Now, you might think my answer was overly abrupt or even harsh, but you'd be wrong. The fact is, in my experience of more than 30 years in the marine industry, I've never seen a project of the kind he described turn out any other way. And I long ago came to the conclusion that the best path is to say so bluntly in a way that allows no room for misinterpretation or starry-eyed self-delusion. After all, "friends" don't let friends pursue potentially disastrous, half-assed ideas without at least trying to take their "keys" away from them before they manage to hurt themselves or others.
Let's be brutally honest. The primary, if not the sole driver in most instances where someone wants to perform a conversion or a major refit is the envisioned cost-saving. The all-too-common belief is that, if you start with an existing vessel or at least a hull/deck shell, you will save large sums compared to buying a newer, finished yacht or having one built from scratch. Unfortunately, nothing could be further from the truth. Here's why.
Every conversion or major refit requires a lot of what is effectively double work — first removing everything that needs to be replaced, then performing the necessary modifications and new installations. And the more you target for modification or replacement in the course of a refurb project, the deeper you will cut into any originally projected cost saving.
As well, make no mistake. It is not a question of whether the evil gremlin of emergent work will raise its ugly head, only a question of when. And emergent work, the necessity of which becomes apparent only after the job is well underway, is the deadly bane of all project budgets.
The Effect of Charisma
A couple of decades ago, when I took over executive management of Palmer Johnson Yachts, the company's Savannah refit operation was in the early stages of performing a major refit on a 150-foot steel Feadship that had sunk, been salvaged, and then purchased out of salvage by a private party for refurbishment.
The yachts post-salvage owner was a very successful hedge-fund manager who had only a passing previous acquaintance with yachts and yachting. There were both yacht brokerage and yacht project management firms involved as Owner's representatives. The idea was to strip the yacht, which had lain underwater for a significant amount of time and so needed to be, among other things, completely re-wired. The original plan was to re-build the vessel, both inside and out to a high level of fit and finish, at a projected budget of three to four million dollars. The owner's anticipation was that he would end up with a 150-footer at a cost (in 1999 dollars) of less than five million, about 1/3 to 1/4 of what a new Feadship that size would have cost.
Fortunately, the P-J Savannah yard and the yacht's owner had entered into a time-and-materials contract, with only the barest outline of an anticipated Scope of Work and little more than a nod to a projected timeline. Yea, I know, I know. Not the kind of agreement I personally would ever have allowed one of my clients to enter. But hey, the owner had professional representation when he negotiated and signed the contract. And he was a big boy. So, the nature of his contract was not my problem, especially since I had nothing to do with the original contract negotiations, and he was not exactly on poverty's doorstep.
What was my problem was the situational "clean up". When I took over, the yard was a year into the project, significant progress was stalled, and it was necessary to completely revamp the yard's planning and management structure, develop a fully-detailed SOW for this pretty substantial project, and figure out ways to drive it to completion. This was made even more difficult by the fact the owner, his naval architect, and his other representatives almost continually came up with new ideas (change orders) they wanted to implement.

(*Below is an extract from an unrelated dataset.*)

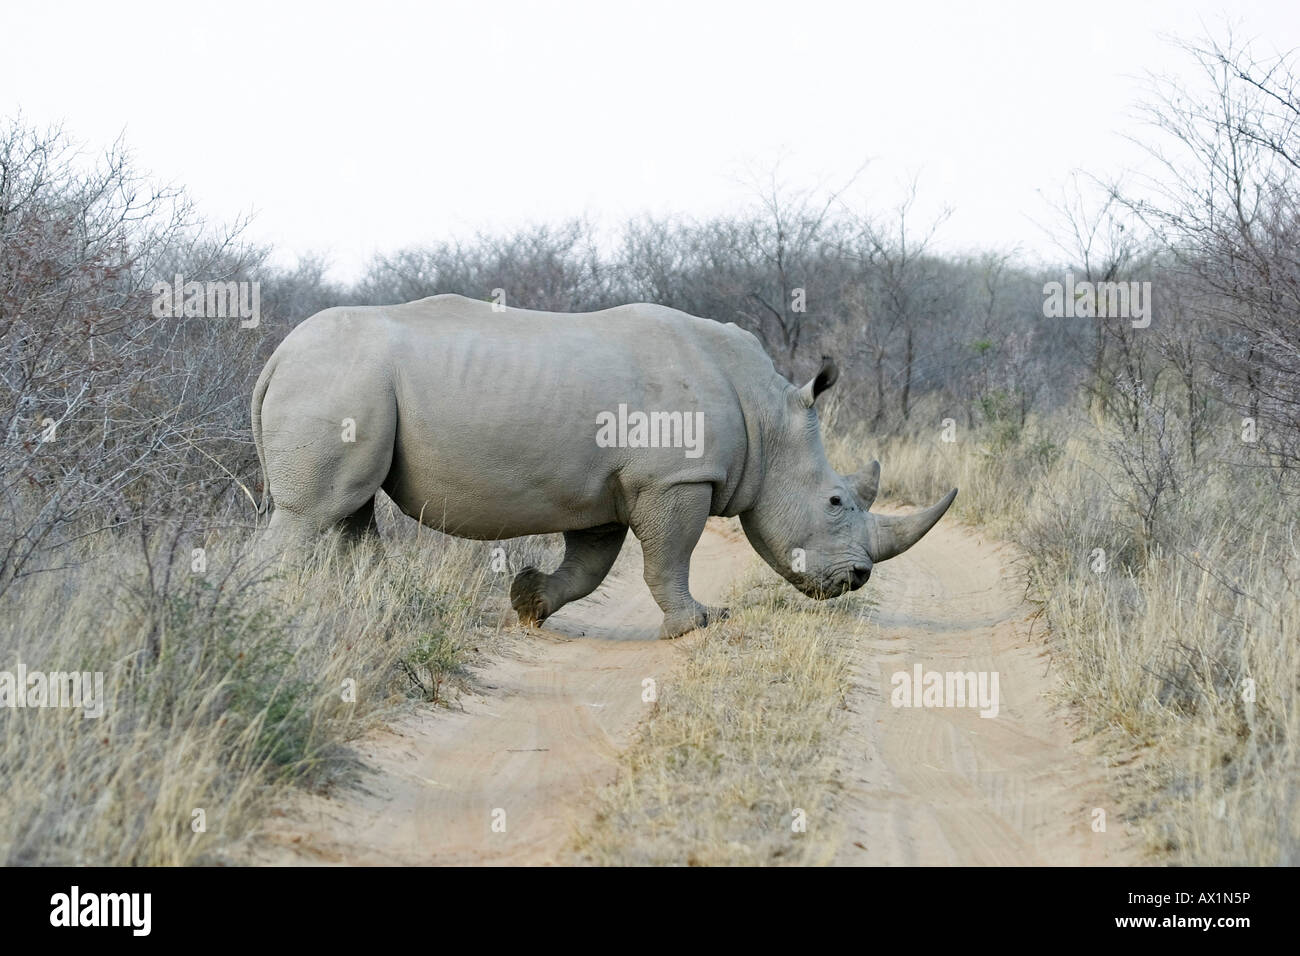 Rhinocéros blanc ou Square-lipped rhinoceros (Ceratotherium simum), Khama Rhino Sanctuary Park, Serowe, Botswana, Africa Banque D'Images

To cut to the chase, two years, a lot of arguing and pain and endless conferences and correspondence — and some $15 million later — a truly magnificent fully refitted and refurbished yacht emerged from our huge paint shed.
She was superb. The custom interior joinerwork was, I firmly believe, without match on the world market. Mechanical, piping, and electrical had all been meticulously replaced, engines, tanks, you name it. She was so magnificent, she handily won Showboats International magazine's "Refit of the Year” award for 2002. So what's the rub?
A Pyrrhic Victory
Fast forward to the Showboats International black-tie awards banquet. The yacht's owner had (graciously, we thought) shown up to accept the award; and several of us who had been involved on P-J's behalf were thinking all's well that end's well. Not.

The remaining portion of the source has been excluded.